TASK INSTRUCTIONS>
Omit the pictures and return exactly the stretch of the material below from the line with "Neater Pets Neater" through the line with "Hillwalking on the".

MATERIAL FOR THIS TASK>
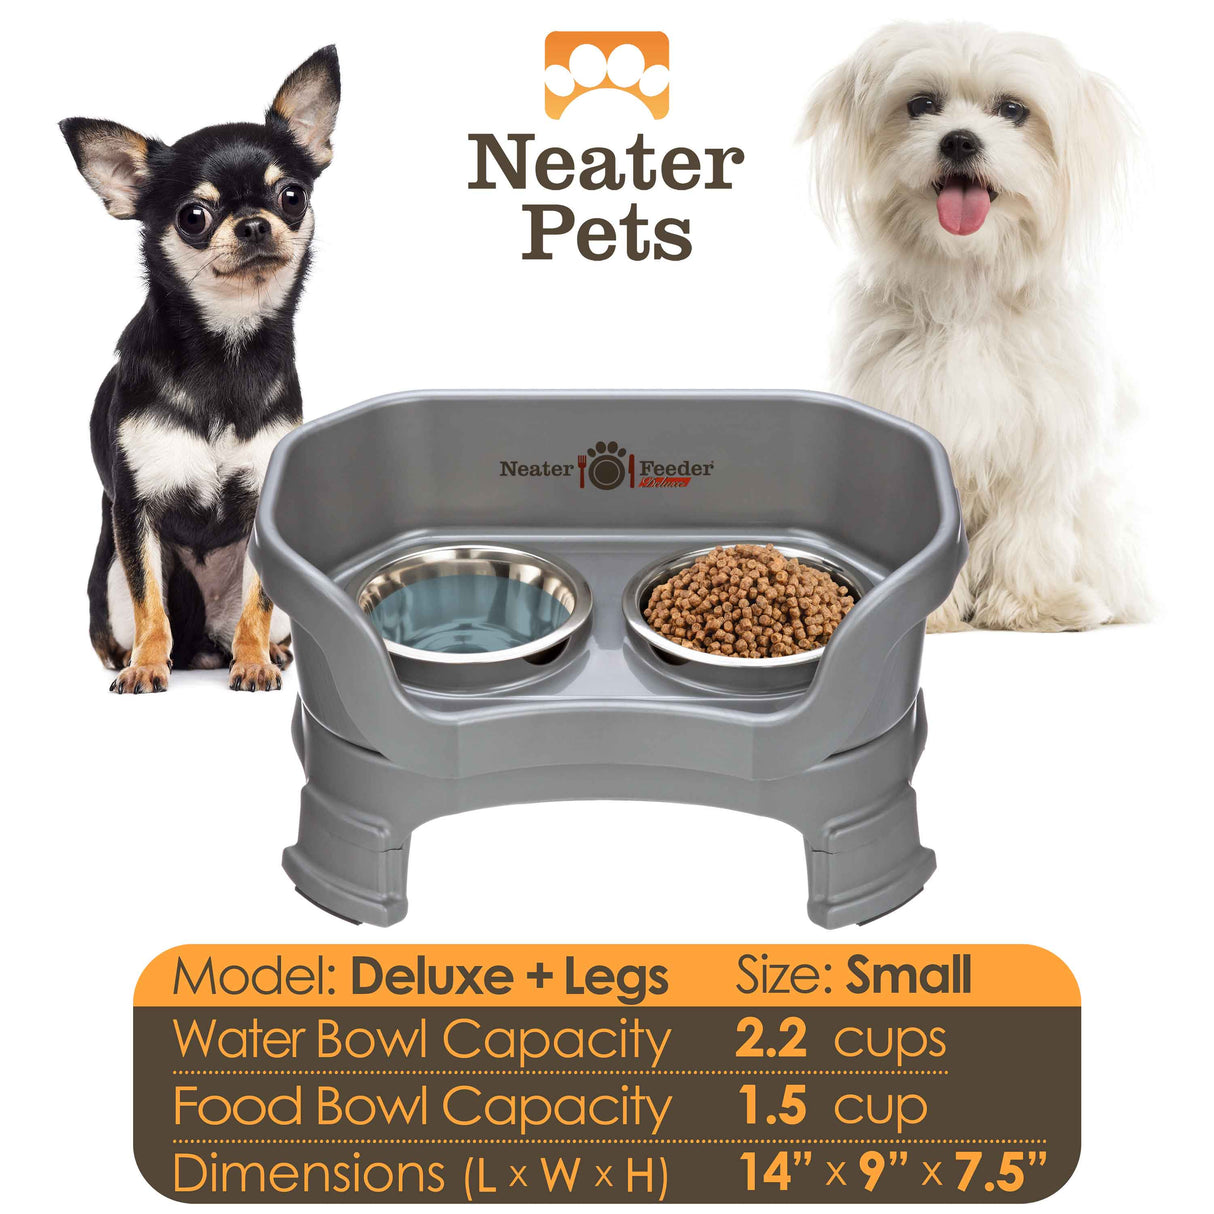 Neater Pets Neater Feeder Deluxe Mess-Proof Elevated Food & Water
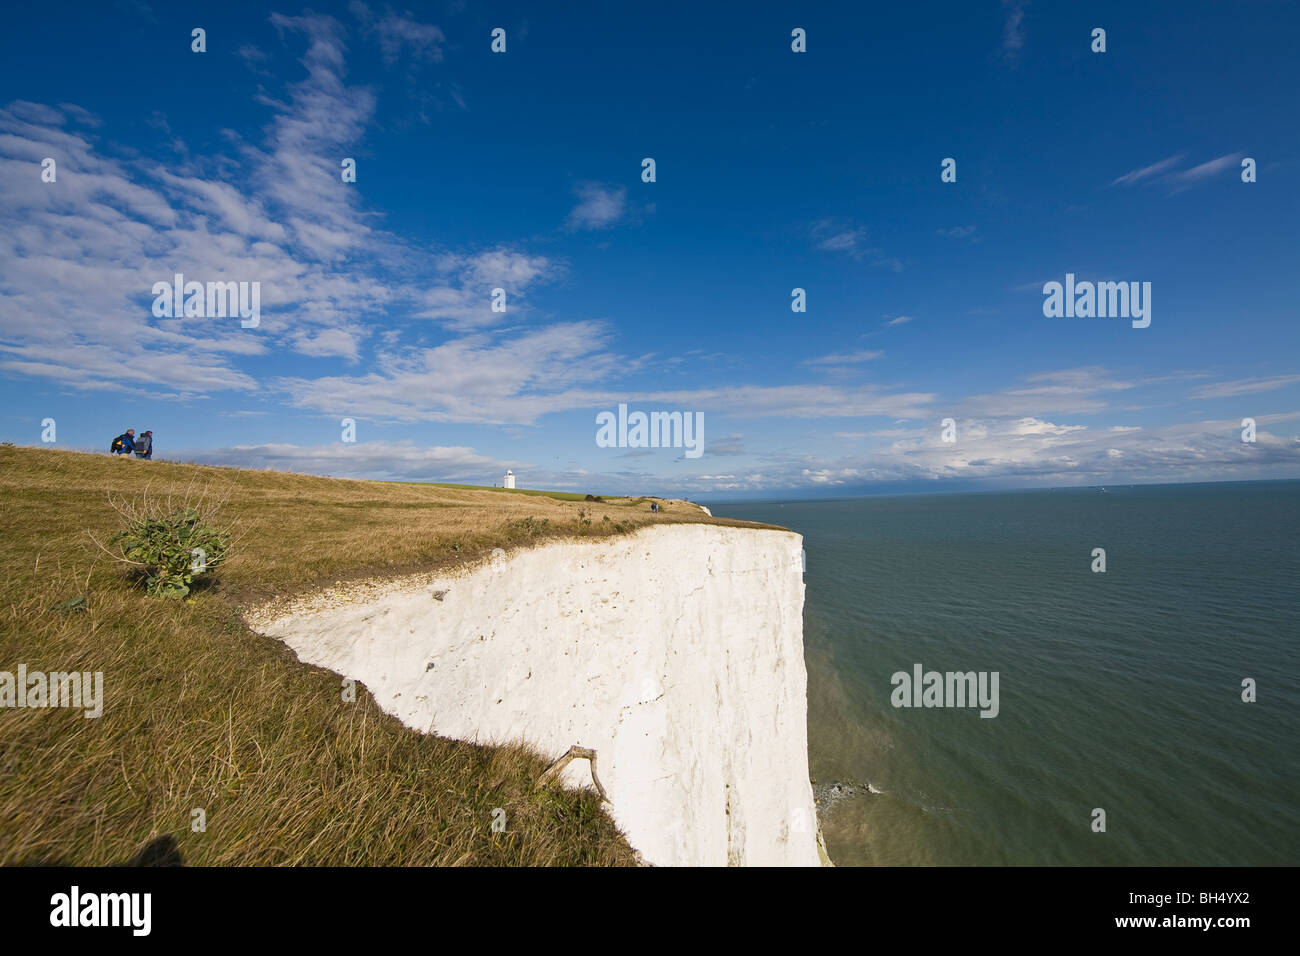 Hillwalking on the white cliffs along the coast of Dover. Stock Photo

...

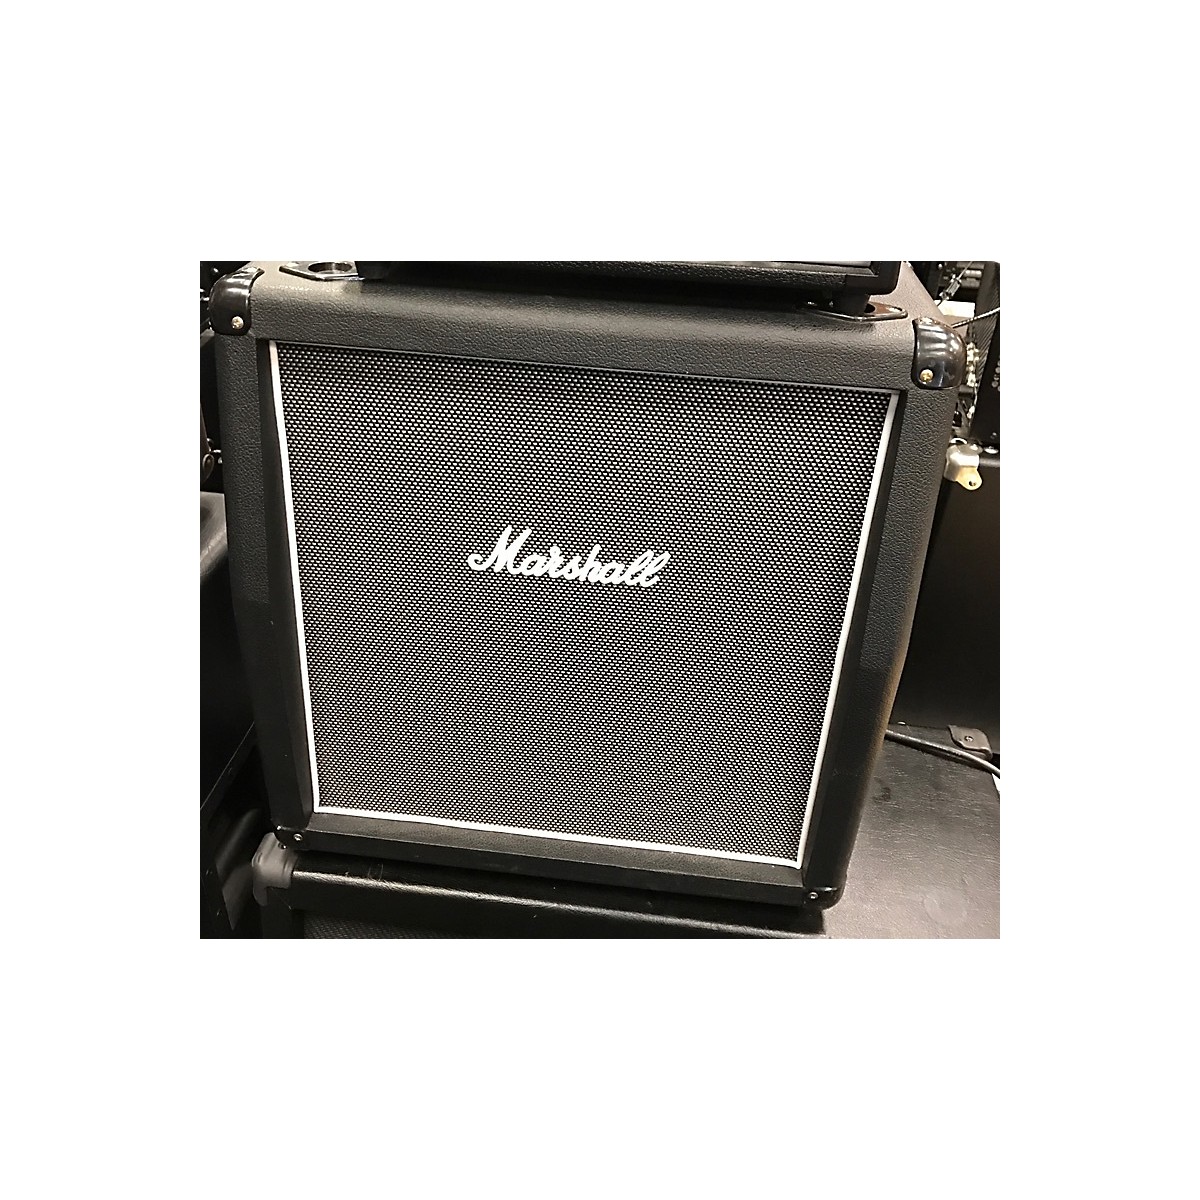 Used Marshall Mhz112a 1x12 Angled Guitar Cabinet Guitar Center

* * *

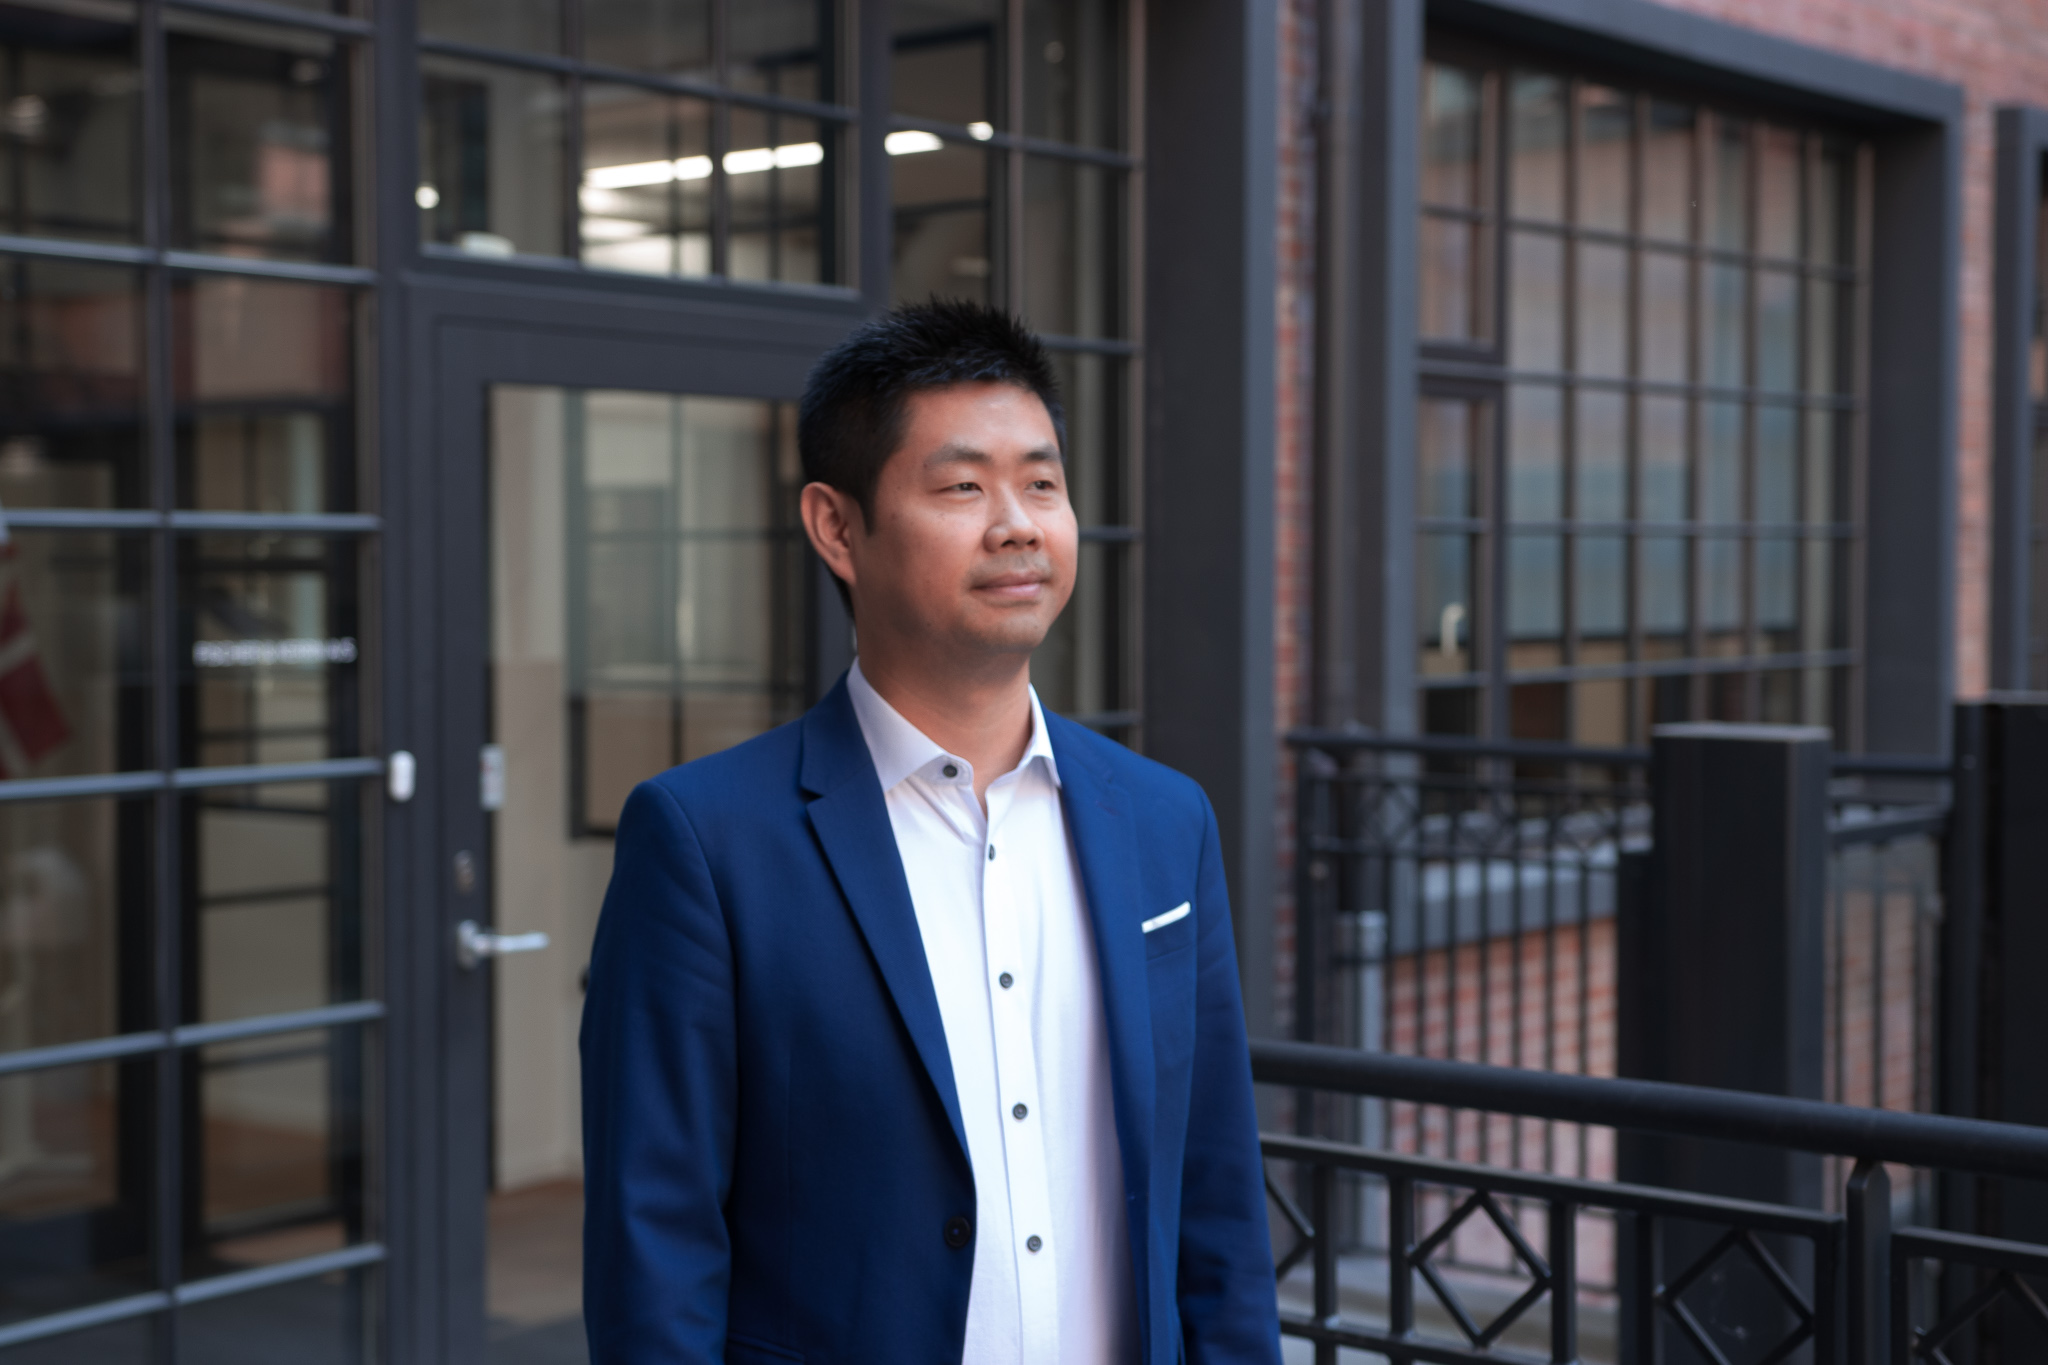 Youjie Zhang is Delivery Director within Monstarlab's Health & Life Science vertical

ANSWER FOR THIS EXERCISE>
 Neater Pets Neater Feeder Deluxe Mess-Proof Elevated Food & Water
 Hillwalking on the white cliffs along the coast of Dover. Stock Photo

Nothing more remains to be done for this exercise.